During this period, she hung out with the Abstract Expressionists at the Cedar Tavern and took art classes at the Art Students League, Hans Hofmann School of Fine Arts, New School for Social Research, Brooklyn Museum Art School, and several independently teaching artists. She made drawings and sculptures about the family, the immigrant experience, displacement, and the nature of the self. 

Collection Buffalo AKG Art Museum, Bequest of Marisol, 2016 (2021:111). © Estate of Marisol / Artists Rights Society (ARS), New York

Marisol, Marisol, I Love You, 1974. Colored pencil and collage on paper, 40 x 30 inches (101.6 x 76.2 cm).

Marisol presented sculptures in wood of carved animals and totemic figures and reliefs of family groups in her solo show in 1957 at New York’s celebrated Leo Castelli Gallery, which had debuted earlier in the year. Her carved wood sculpture Cat, with glass eyes, from that show is featured in today's retrospective.

Despite having a significant start, in 1958, Marisol abruptly moved to Rome and Paris. Returning to New York in 1960, she continued experimenting by adding found objects to her sculptural assemblages, which led to her inclusion in the Museum of Modern Art’s landmark survey exhibition “The Art of Assemblage.”

Having left Leo Castelli Gallery in 1961 to reconsider the direction her work was taking, Marisol resurfaced from the studio for a May solo show at New York’s Stable Gallery, where her friend Andy Warhol would have his first one-person exhibition in November of that year. 

Collection Buffalo AKG Art Museum, Bequest of Marisol, 2016 (2021:131). © Estate of Marisol / Artists Rights Society (ARS), New York

Marisol, Untitled, ca. 1958-59. Colored pencil, crayon, and collage on paper, 19 x 25 3⁄8 inches (48.3 x 64.5 cm).
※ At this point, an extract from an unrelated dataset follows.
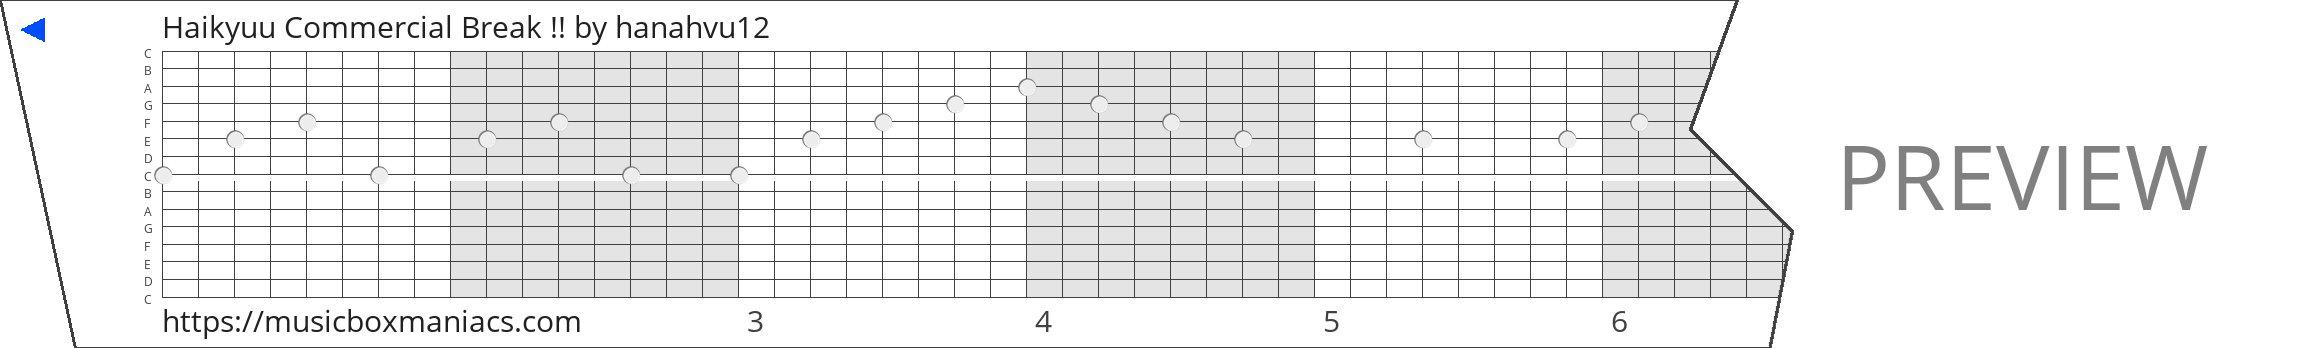 Haikyuu Commercial Break !! 15 note music box paper strip

Besides the Albright-Knox’s acquisition of The Generals from that breakthrough show, the Museum of Modern Art and Rose Art Museum purchased works from the exhibition, and Life magazine included her on its prestigious 1962 “Red-Hot Hundred” list. 

A work that connects the artist to her Venezuelan roots and migration to the United States—beginning when she was a young child and continuing with her family—The Generals suggestively lampoons heroic equestrian monuments by coupling Simón Bolívar, who led Venezuela to independence from Spain, with George Washington. 
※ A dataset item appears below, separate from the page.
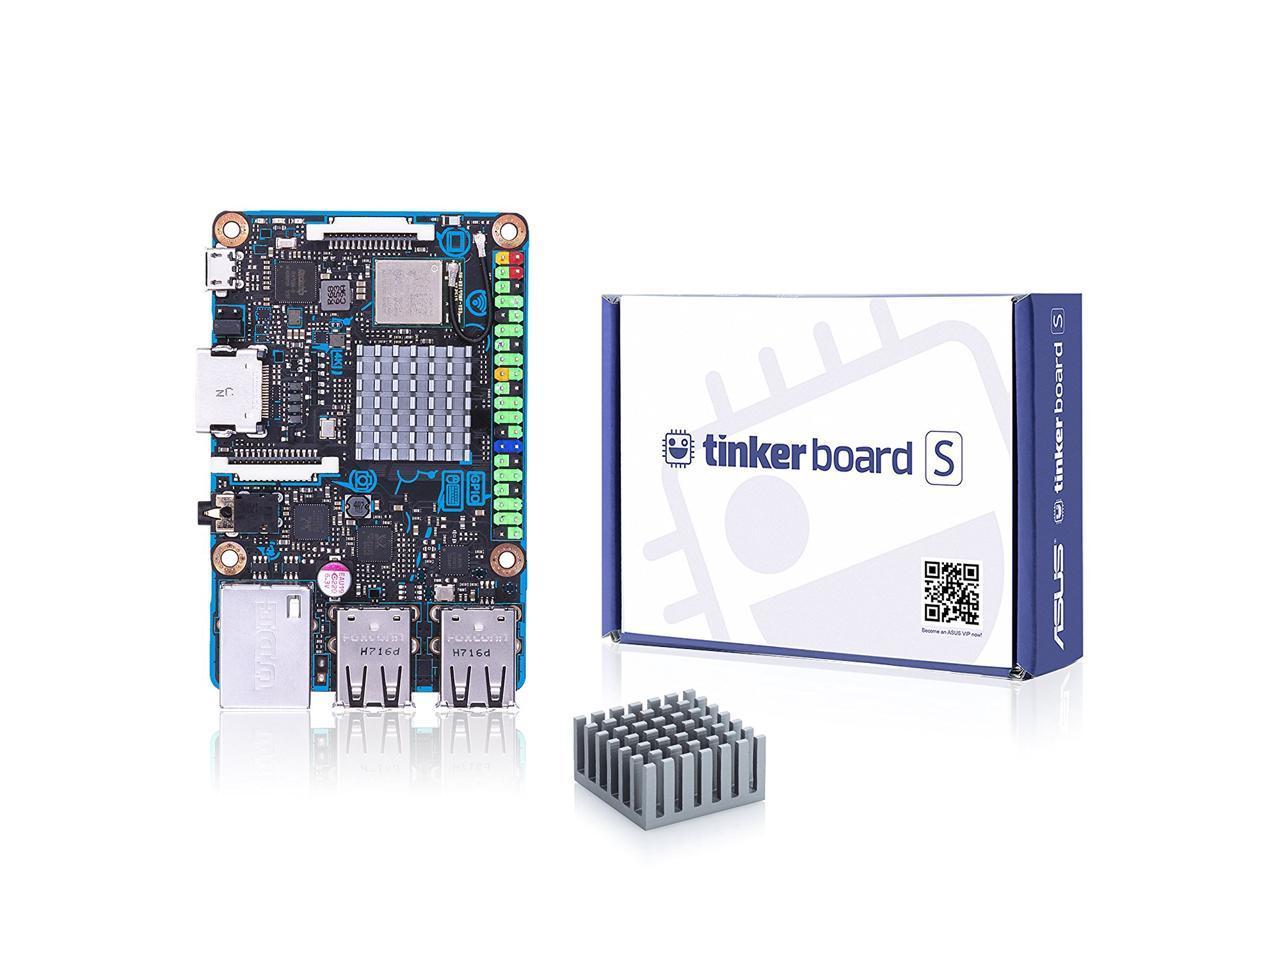 ASUS Tinker Board S Quad-Core 1 8 GHz SoC 2GB RAM

Collection Buffalo AKG Art Museum, Gift of Seymour H. Knox, Jr., 1962 (K1962:7). © Estate of Marisol / Artists Rights Society (ARS), New York

Marisol, The Generals, 1961-62. Wood, mixed media, and sound recording, 87x281 ⁄2x76 inches(221x72.4x193cm).

Portraying the two revolutionary leaders nestled on a wheeled wooden horse crafted from a repurposed barrel, the sculpture draws a comparison between the two father figures while the barrel, wheels, and a recorded musical march— which the body of the horse repeatedly plays— explore hemispheric tensions between the two nations, as well as Marisol’s displacement between her multiple homes.

Collection Buffalo AKG Art Museum, Gift of Seymour H. Knox, Jr., 1964 (K1964:8) © Estate of Marisol / Artists Rights Society (ARS), New York

Marisol, Baby Girl, 1963. Wood and mixed media, 74x35x47 inches (188x88.9x119.4cm). 

Another significant sculpture in the museum’s collection, Baby Girl, acquired in 1964, responds to the motherly role that a woman was expected to fulfill, even if that wasn’t in her cards (Marisol never married, nor had children, and her sculpture The Wedding, from the same period, shows her marrying herself).

The sister piece to her giant sculptural Baby Boy (1962-63), a drawn and painted wood figure holding a doll with the artist’s face, Baby Girl presents an enormous, cutely-clad kid with a simpleminded look on its face, playing with a toy doll dressed like Barbie’s friend Midge, but with Marisol’s mug.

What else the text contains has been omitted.